6、本发明在定位字符所在位置过程中,采用了一种漫水填充算法来获得字符的位置信息,准确完整的消除了图片的背景区域,从而提高装置的字符提取能力,使其适用于更多更复杂的背景环境下。6. In the process of locating the position of the character, the present invention adopts a flood filling algorithm to obtain the position information of the character, which accurately and completely eliminates the background area of the picture, thereby improving the character extraction ability of the device and making it suitable for more in more complex contexts.
附图说明Description of drawings
图1装置整体结构示意图;The schematic diagram of the overall structure of the device in Fig. 1;
图2装置硬件采集设备模块安装位置示意图;Fig. 2 is a schematic diagram of the installation position of the device hardware acquisition equipment module;
图3装置摄像头采集模块成像示意图;Figure 3 is a schematic diagram of imaging of the camera acquisition module of the device;
图4装置软件触发拍照模块流程图;Fig. 4 device software triggers the photographing module flow chart;
图5装置图像预处理模块流程图;Figure 5 device image preprocessing module flow chart;
图6装置字符切分模块流程图;Fig. 6 device character segmentation module flowchart;
图7装置门牌外观结构示意图;Figure 7 is a schematic diagram of the appearance and structure of the house plate of the device;
具体实施方案specific implementation plan
下面结合附图和实施案例对本发明专利作进一步的说明,但并不作为对本发明专利限制的依据。The patent of the present invention will be further described below in conjunction with the accompanying drawings and examples of implementation, but it is not used as a basis for limiting the patent of the present invention.
如图1装置整体结构示意图所示,本装置由硬件采集设备模块1与软件处理程序模块2两部分组成,其中硬件采集设备模块1包括摄像头采集模块3、红外对射模块4、集控模块5;软件处理程序模块2包括软件触发拍照模块6、图像预处理模块7、字符切分模块8、caffe学习与识别模块9;摄像头采集模块3又包括摄像头1号10与摄像头2号11;红外对射模块4包括红外对射模块1号12与红外对射模块2号13,红外对射模块1号12与红外对射模块2号13又分别由对射发送端与对射接收端组成,集控模块5与摄像头采集模块3通过USB数据连接线连接,传输数据,集控模块5与红外对射模块4则通过采集卡与串口连接器相连接,传递信号。As shown in the schematic diagram of the overall structure of the device in Figure 1, the device is composed of a hardware acquisition device module 1 and a software processing program module 2, wherein the hardware acquisition device module 1 includes a camera acquisition module 3, an infrared radiation module 4, and a centralized control module 5 The software processing program module 2 includes a software trigger camera module 6, an image preprocessing module 7, a character segmentation module 8, and a caffe learning and recognition module 9; the camera acquisition module 3 includes a camera 1 No. 10 and a camera 2 No. 11; The shooting module 4 includes infrared shooting module 1 No. 12 and infrared shooting module 2 No. 13, and infrared shooting module 1 No. 12 and infrared shooting module 2 No. 13 are respectively composed of a shooting end and a receiving end. The control module 5 is connected with the camera acquisition module 3 through a USB data cable to transmit data, and the centralized control module 5 and the infrared shooting module 4 are connected with the serial port connector through the acquisition card to transmit signals.
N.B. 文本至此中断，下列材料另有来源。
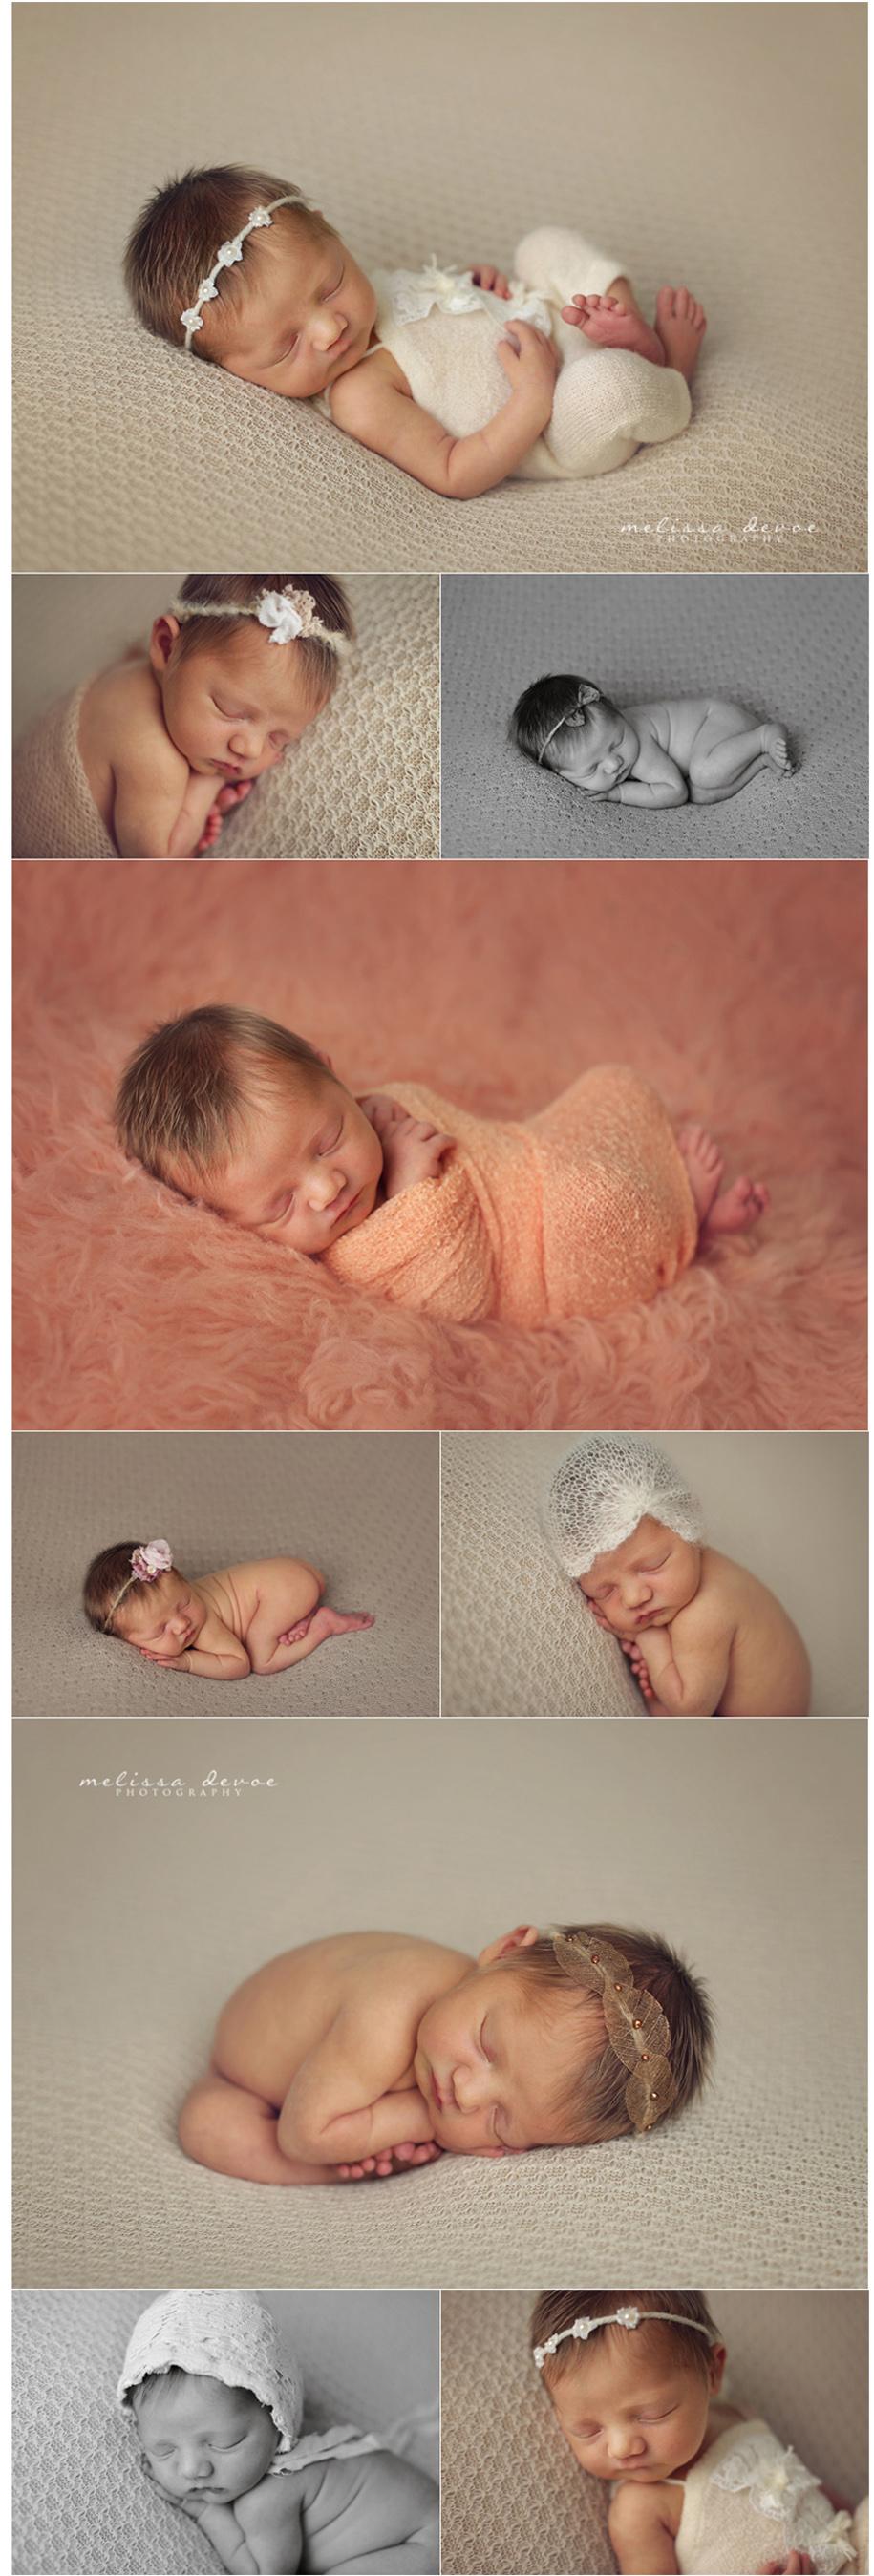 Melissa DeVoe Photography Raleigh Newborn Baby Photographer 3
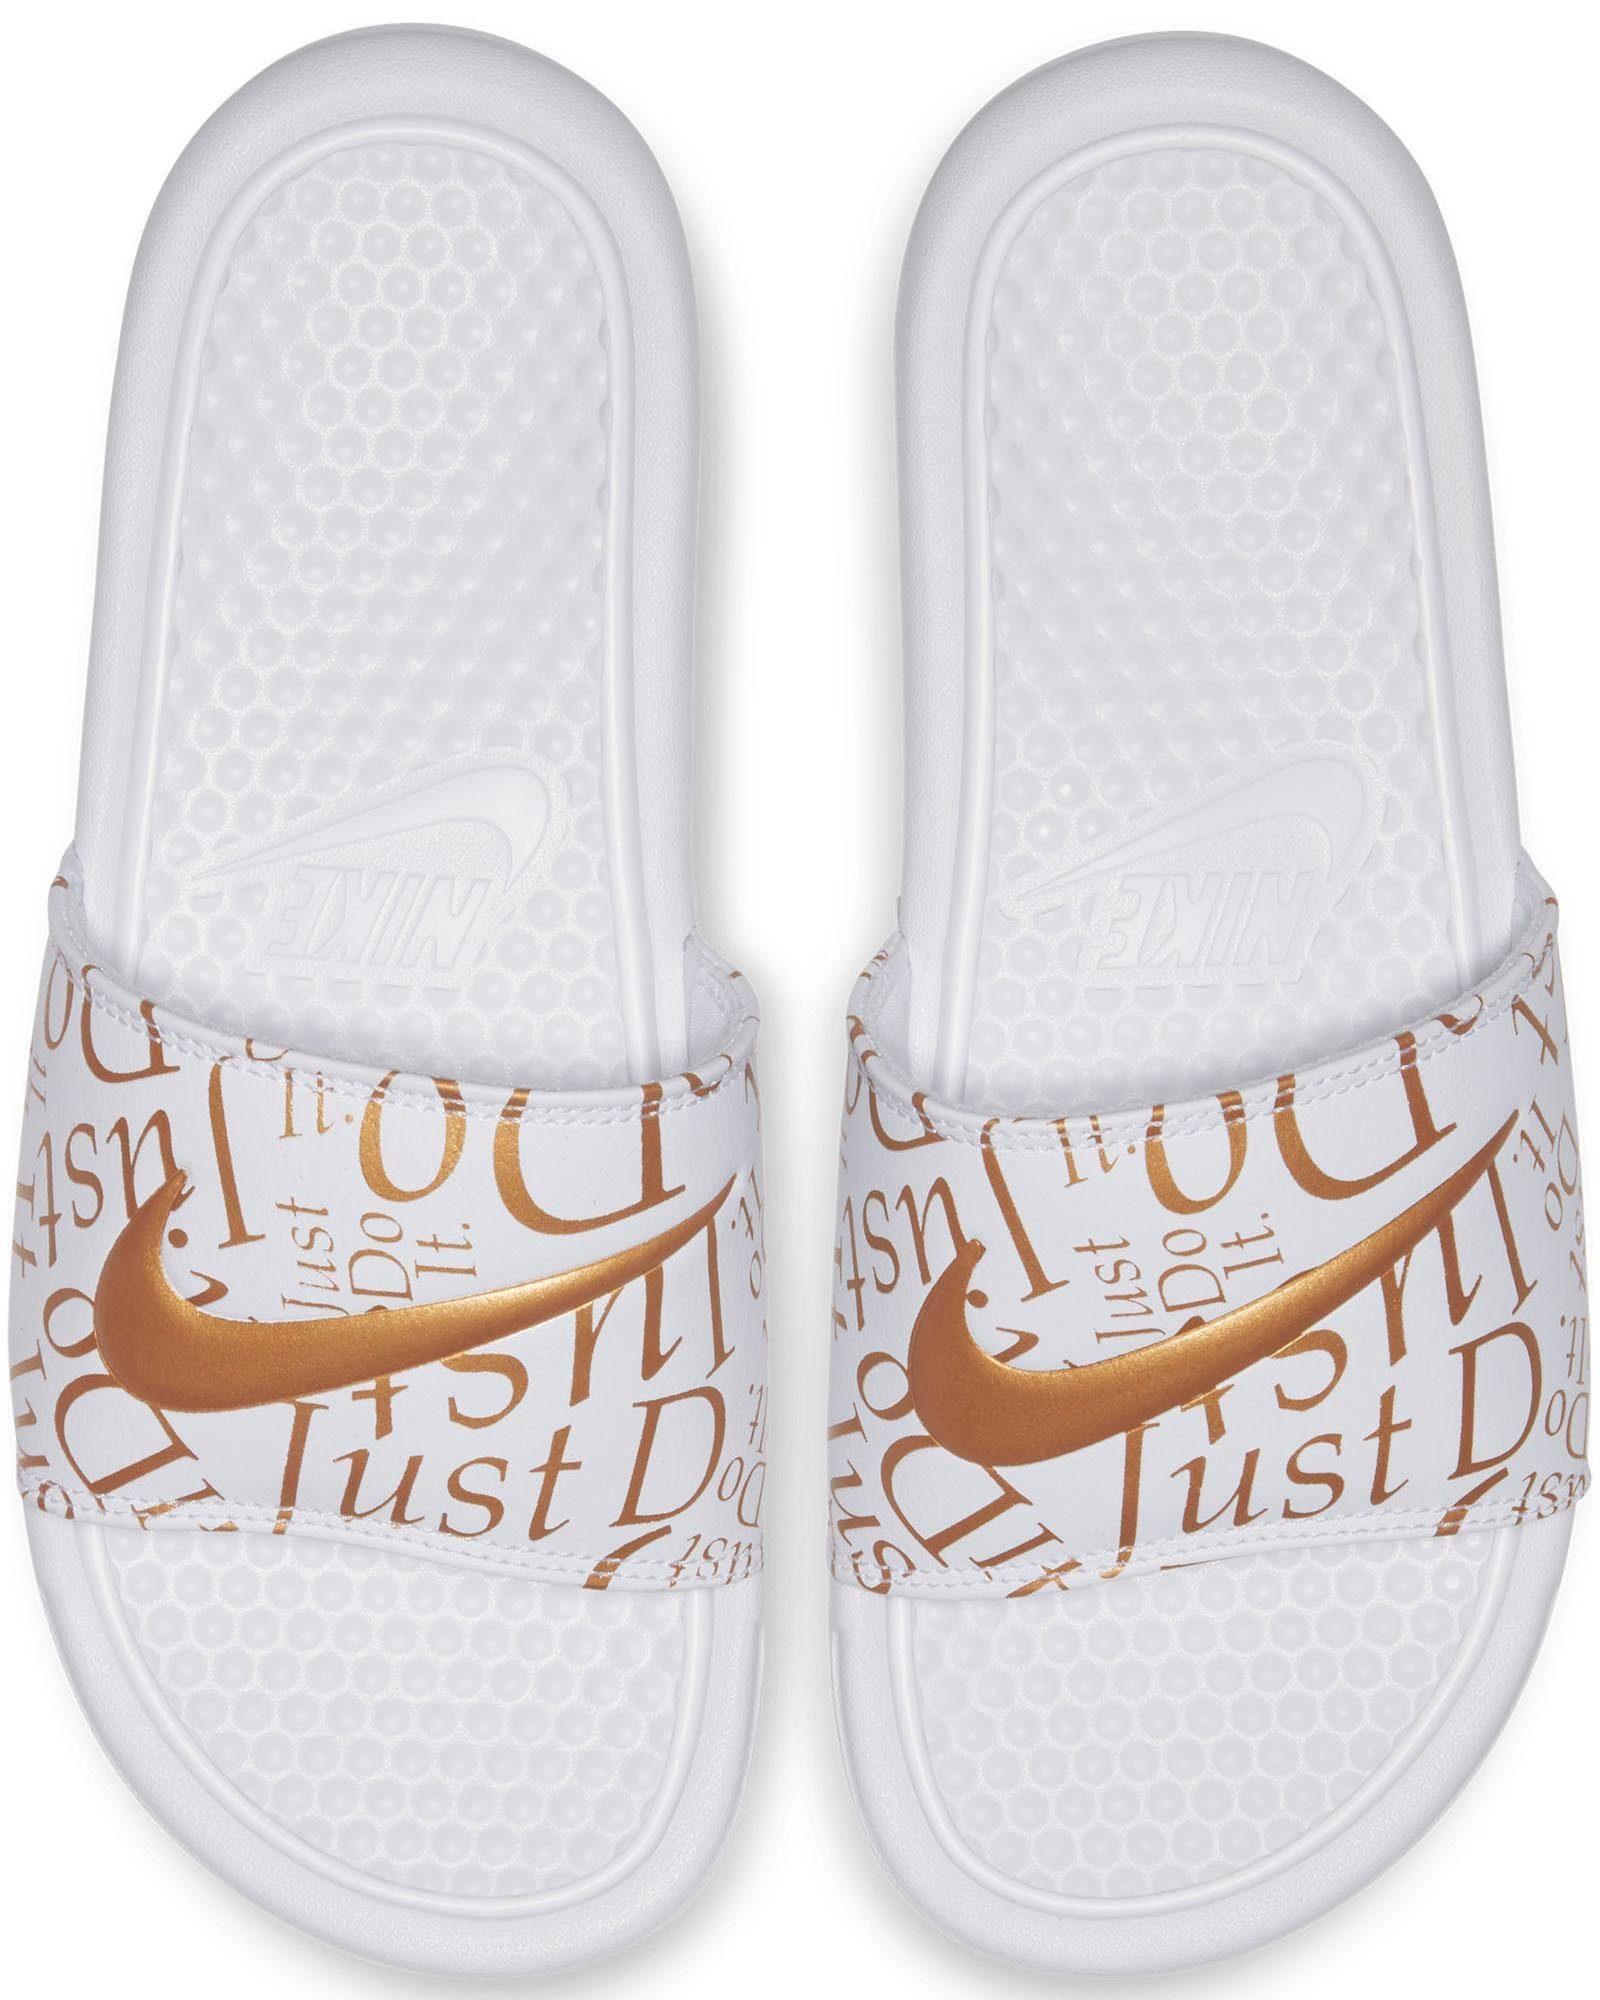 Nike Sportswear »Wmns Benassi Just do it« Badesandale online kaufen | OTTO

基于软触发下的门牌16压印字符识别装置首先通过基于摄像头采集设备3、红外对射模块4以及集控模块5(工控机)等硬件设备完成字符图像的采集与门牌16字符所在产品种类的区分工作;其次对字符图像进行预处理,利用漫水填充算法对字符图像区域进行处理,去除背景像素的干扰,得到完整且单一的字符图像,完成对压印字符的定位工作;同时采用基于caffe深度学习与LeNet-5手写字体识别网络框架,进行网络的训练与学习,最终实现了对于门牌16压印字符的识别功能。The house plate 16 embossed character recognition device based on the soft trigger first completes the collection of character images and the product category of the house plate 16 characters through hardware devices such as the camera acquisition device 3, the infrared shooting module 4, and the centralized control module 5 (industrial computer). Differentiate the work; secondly, preprocess the character image, use the flood filling algorithm to process the character image area, remove the interference of background pixels, obtain a complete and single character image, and complete the positioning of the embossed character; at the same time, use the caffe-based Deep learning and LeNet-5 handwritten font recognition network framework, network training and learning, and finally realized the recognition function of 16 embossed characters on the house number.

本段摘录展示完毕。